Eddie smiles. He can save his best life because the one who could ruin it, she won’t hear him coming for her when he does. It’s enough to break out into a chuckle, this.
This novel is called The Intersection[s] because it weaves together four stories of Indigenous women and girls, living their lives against the Missing and Murdered Indigenous Women and Girls Human Rights Crisis happening now in colonial Canada. In the opening, we meet Elaine, who is referred to as “mixed with that Native blood” and “a half-breed” by white men. She was adopted as an infant by the Andersons, a blonde couple with tremendous amounts of land and aspirations to the highest seat of government. We should hear echoes of Justin Trudeau’s “gentle” colonialism. Elaine’s father is happy to have her dress up in a jingle dress for photo ops, but no one in the family mentions which nation Elaine’s biological mother belonged to, or what happened to her.
No one is talking about the missing women and girls in this novel other than the Indigenous women and girls themselves. No one is willing to suggest that these are anything but simple crimes—as former Prime Minister Stephen Harper said after the death of fifteen-year-old Tina Fontaine Sagkeeng First Nation in 2014: “I think we should not view this as sociological phenomenon. We should view it as crime.”
Sometimes I worry that this book is too violent. Sometimes I worry that depicting violence against Indigenous women and girls begets more violence against Indigenous women and girls, no matter how much agency I write for them into this book. Sometimes I believe that my original instinct, to tell a story that mainstream Canada could not look away from, one that would force them to act, to change, to become better, is the wrong instinct. Sometimes I regret writing this novel altogether, the pain of living in these bodies, the depression that followed the completion of the novel. Sometimes I think of the day a publisher will offer me a contract, when I will have to say, No, maarsi, no, these stories are not for you.
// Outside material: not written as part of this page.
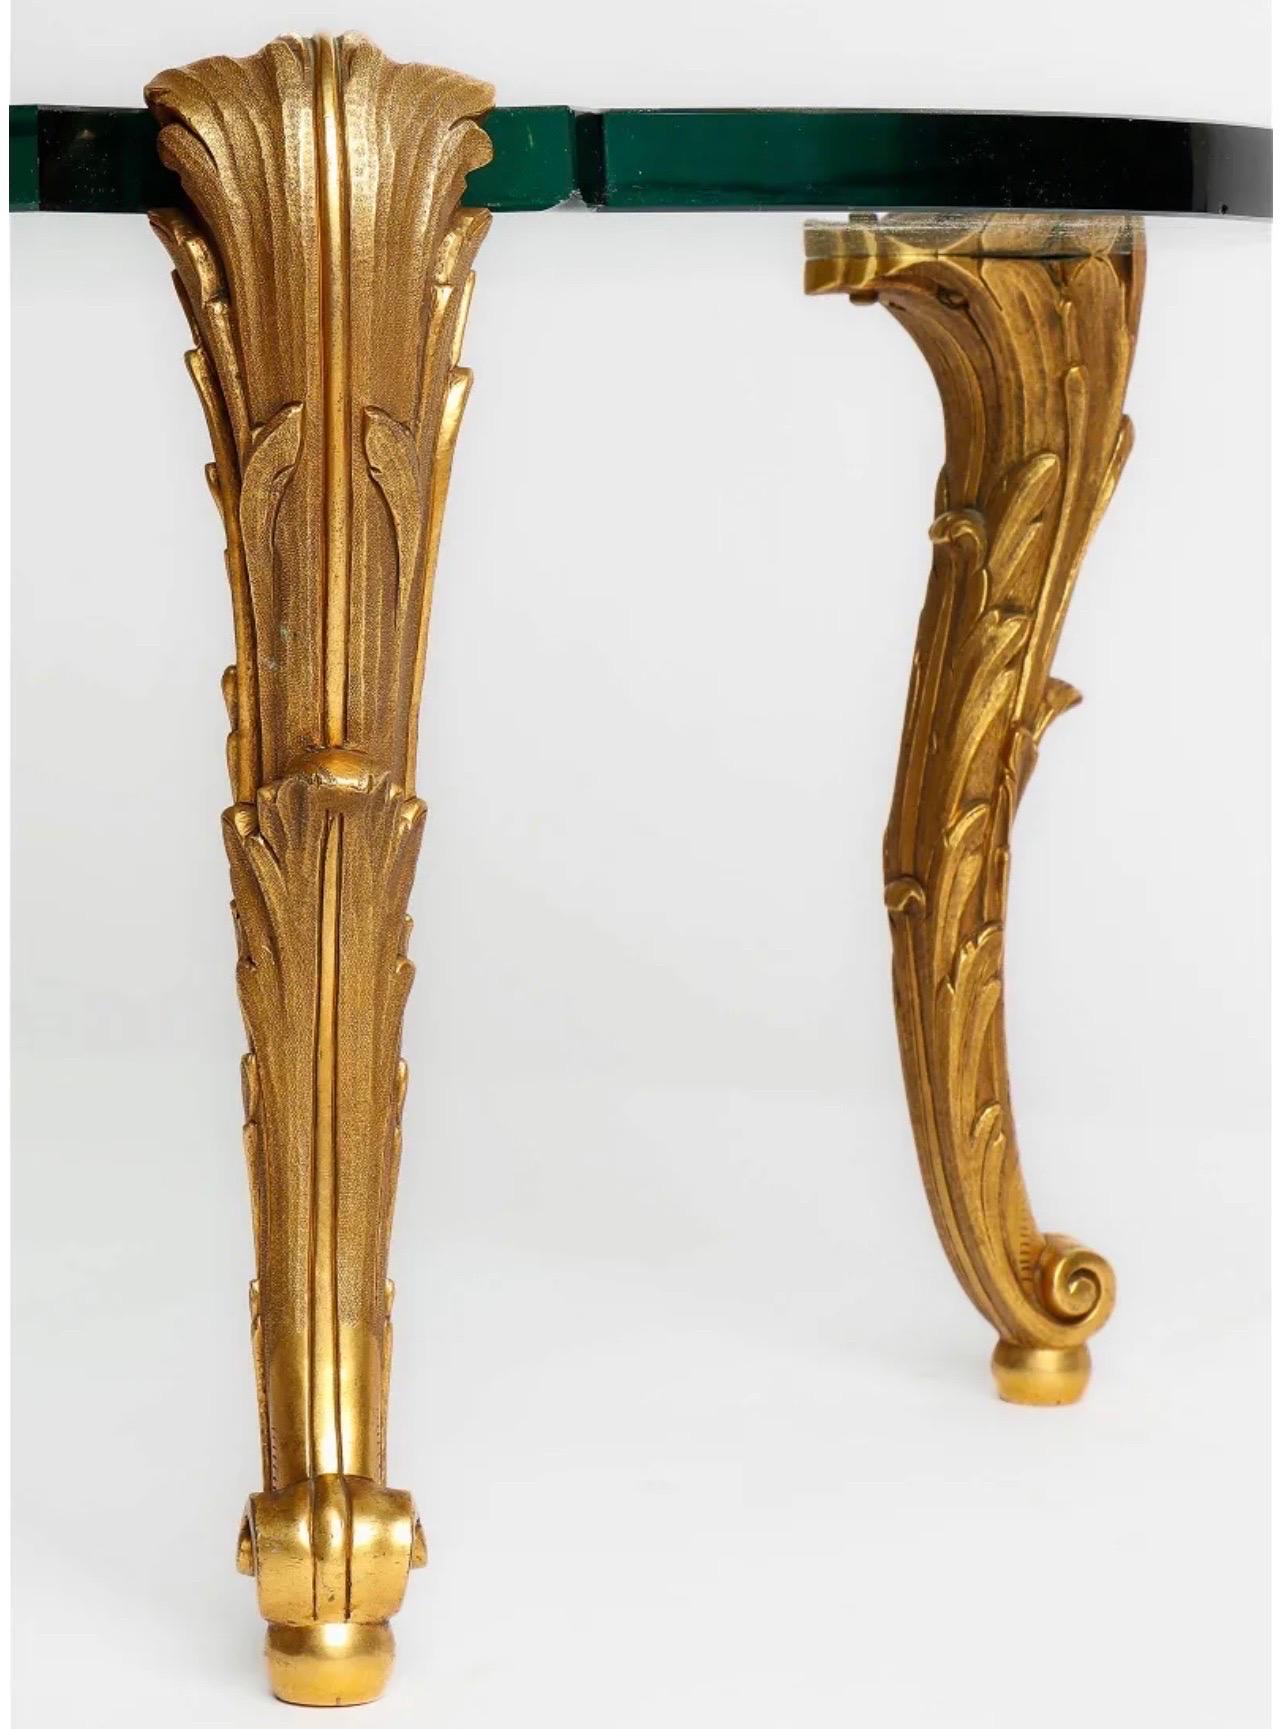 Wonderful P.E. Guerin leaf / Cartouche gilt bronze & thick oval glass coffee / cocktail table, in the Louis XV manner. Each of the heavy bronze legs, marked on the bottom of the foot. Glass does have minor imperfection, flea bite chip to

But sometimes I think that instinct is wrong too, and these stories need to be told. Violence is crafty that way: we talk about it, and it hurts; we don’t talk, and it replicates itself; we talk too much, use the wrong words, and we birth new violence.
Jenny Ferguson is Métis, an activist, a feminist, an auntie, and an accomplice with a PhD. She believes that writing and teaching are political acts. Border Markers, her collection of linked flash-fiction narratives, is available from NeWest Press.